Бельгийскому полицейскому не взбредет в голову проверять документы, просто потому, что цвет кожи не понравился, как и врываться без веского криминального повода в частную квартиру. Поэтому у нелегалов есть шанс годами не пересекаться с властью.

…Когда наступало время возвращаться на пересидку в Польшу, Дорота расплачивалась с хозяйкой квартиры, складывала оставшиеся деньги в потайной карман, покупала подарки и отправлялась на Северный вокзал Брюсселя, откуда в 18.15 отходит автобус прямо до ее родного городка Семятыче, что в Белостокском воеводстве недалеко от белорусской границы. 1498 километров, 18 часов пути за 60 евро (сейчас), включая кофе и бутерброды. Нынешний мэр Семятыче еще в 1990 году, когда руководил автобазой, открыл прямой маршрут в Брюссель. Дорота была в числе первых постоянных пассажиров.

В Семятыче всего 17 тысяч жителей, и почти в каждой семье кто-то ездил на заработки в Бельгию. Поначалу, когда еще нужны были визы, вспоминала Дорота, случались скандалы на германской границе. Автобус числился «туристическим», но из тура возвращался почти пустым. Немцы кричали, ругались, спрашивали, куда делись туристы. Шофер выкручивался как умел, платил штраф, который потом раскидывал на следующих пассажиров. Только в 1995 году перестали считать прибывших и убывших, а в 2004 году Польша вовсе стала членом ЕС. На этой волне сразу полтора миллиона поляков, по данным польского министерства труда, устремились на заработки на Запад…

«Я знаю Бельгию лучше, чем Польшу. Там почти нигде не была, кроме своего района, — призналась Дорота. — У меня дома очень красиво, очень спокойно, но работы никакой.

Поэтому снова и снова возвращаюсь в Бельгию». Спрос на ее нехитрый труд всегда был, сложилась постоянная клиентура. Не самая богатая и не самая щедрая.

Потом Дорота пропала. Лет пять от нее не было вестей. И вдруг недавно раздался звонок. Знакомый голос сообщил, что это она, Дорота, находится в Брюсселе в гостях у друзей вместе с детьми, которые здесь проездом из Великобритании. «При желании приезжай вечером в Сен-Жиль, в «Троянского коня». Мы будем там».
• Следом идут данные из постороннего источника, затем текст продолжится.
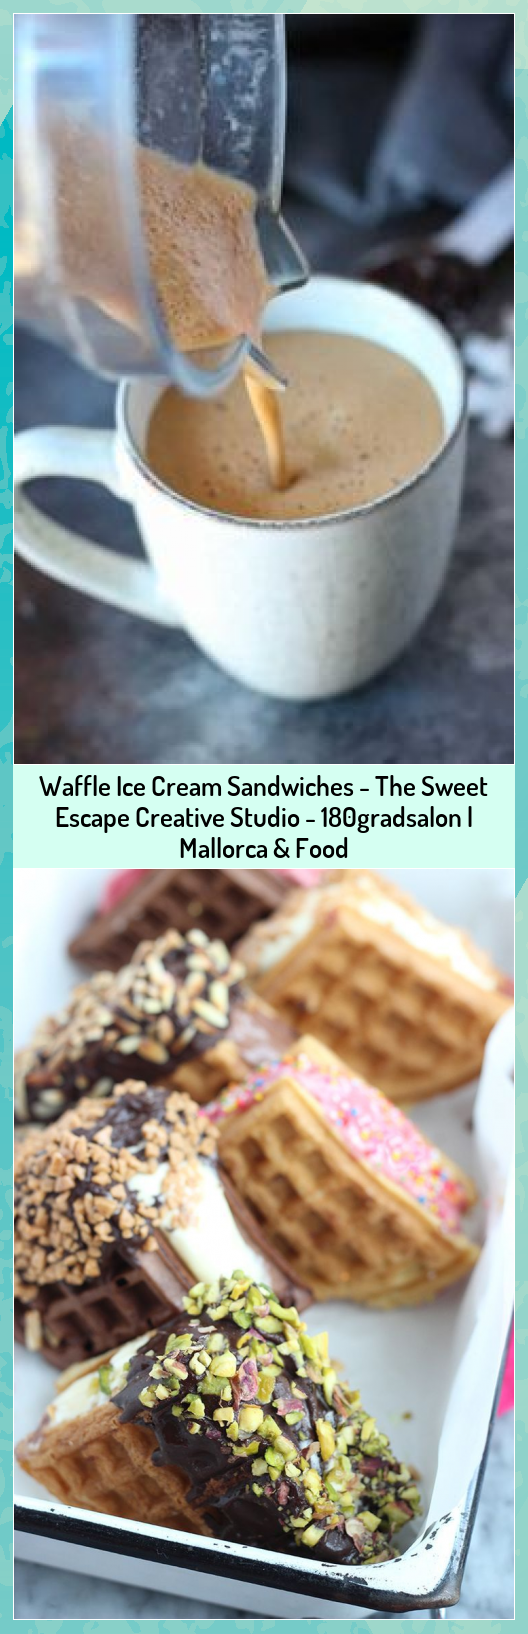 Waffle Ice Cream Sandwiches - The Sweet Escape Creative Studio - 180gradsalon   Mallorca & Food #180gradsalon #Cream #Creative #Escape #Food #Ice #Mallorca #sandwiches #Studio #Sweet #Waffle

За столом меня ждали Дорота, двое ее сыновей и подруга младшего. Сама она уже на заработки не ездила и просто жила у себя дома в Семятыче. Сыновья же работали в Шотландии и ехали в отпуск на родину, посмотреть, что и как. Старший, Александер, где-то под сорок, уже почти три года был прорабом на стройке в Эдинбурге. Младший, Петр, которому меньше тридцати, устроился там же ночным портье в гостиницу. Он поехал в шотландскую столицу не к брату, а к девушке, Агнешке. Та, классный парикмахер, открыла салон красоты в расчищенном собственными руками бывшем складе. Клиенты в основном поляки, но и их вполне хватает.

После вступления Польши и других стран Центральной и Восточной Европы в ЕС их граждане не стали совсем равноправными гражданами союза, которые могут выбирать место жительства и работу в любой его стране. Большинство членов ЕС, в том числе Бельгия, установили «переходный период» в страхе перед «польским сантехником», который отнимет работу у своих. И только Великобритания, Ирландия и Швеция остались верны либеральной традиции и открыли рынок труда для новичков.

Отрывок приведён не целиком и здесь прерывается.